Tuesday, February 24, 2009

New Presidential Helicopter Faces Scrutiny

By Donna Miles, American Forces Press Service

WASHINGTON - The VH-71 helicopter being developed as the next-generation presidential helicopter could get the ax before it ever takes flight.

President Barack Obama announced yesterday that he has directed Defense Secretary Robert M. Gates to conduct "a thorough review" of the program, which has experienced big cost overruns.

Speaking at the closing of a White House summit on fiscal responsibility, the president called the helicopter program an example of "the procurement process gone amok."

"We're going to have to fix it," he said, calling it "one of our highest priorities" and urging congressional support.

Obama noted that Gates is a big advocate of the effort and "recognizes that simply adding more and more does not necessarily mean better and better, or safer and more secure."

The president offered a lighthearted take on the helicopter Lockheed-Martin is developing to replace the Sikorsky Marine One helicopters the White House has used for a quarter-century. "The helicopter I have now seems perfectly adequate to me," he quipped. "Of course, I've never had a helicopter before. ... Maybe I've been deprived, and I didn't know it."

The VH-71 contract calls for 28 helicopters for $6 billion, but the cost has almost doubled to about $11 billion.

Cost overruns of this magnitude in major defense acquisition programs require congressional notification.
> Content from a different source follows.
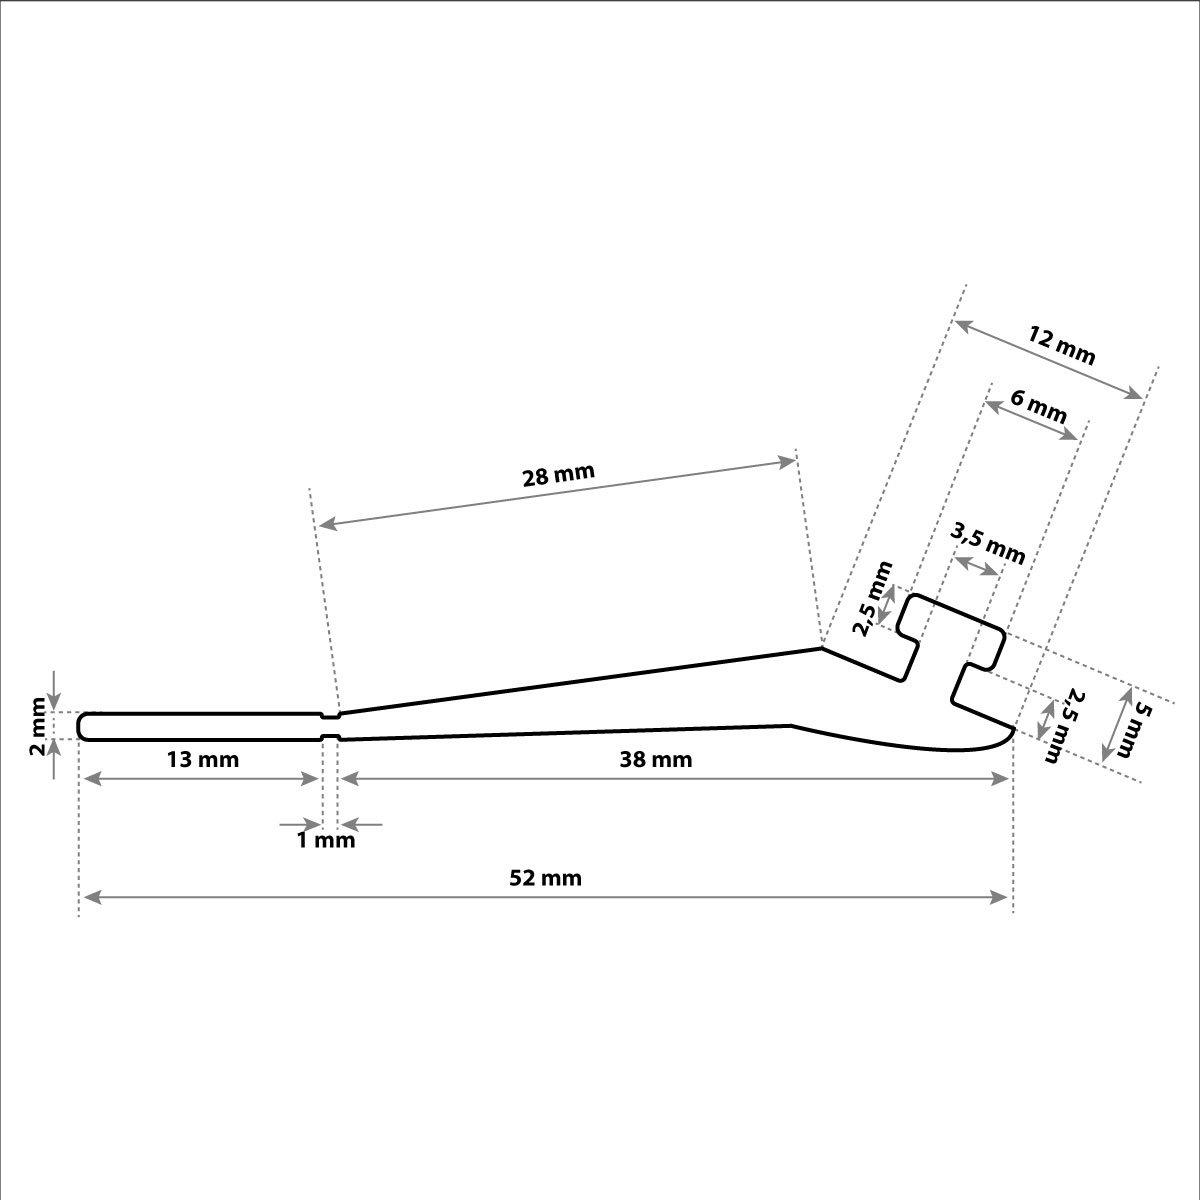 4 m 52x2 mm STEIGNER Guarnizione per Garage SBD03 Nera

This requirement was established under the so-called Nunn-McCurdy provision of the 1982 Defense Authorization Act. The provision was named for its sponsors, U.S. Sen. Sam Nunn and U.S. Rep Dave McCurdy.
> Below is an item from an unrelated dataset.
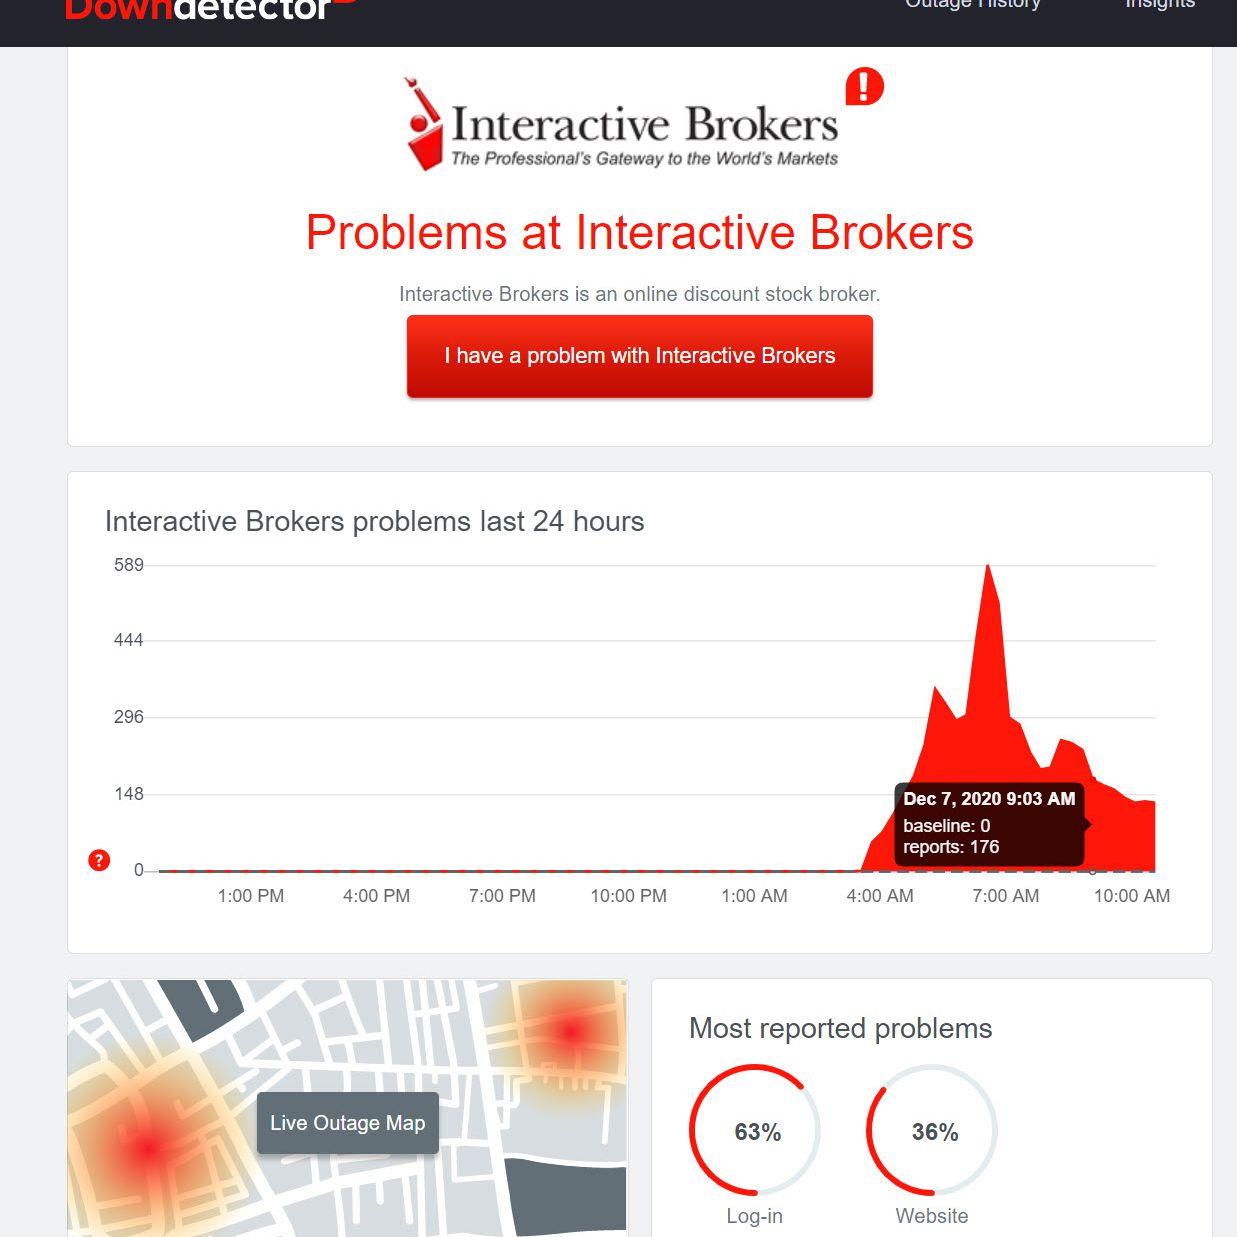 Downdetector IBKR problem reports

The VH-71 program "certainly fits the category of requiring a Nunn-McCurdy breach notification, and that is not a good position to have a program in," Pentagon spokesman Bryan Whitman told reporters today.

The program will be among many to get a thorough review during the acquisition overhaul, he said. "We are committed to looking at expensive programs, particularly those programs that are underperforming," Whitman said.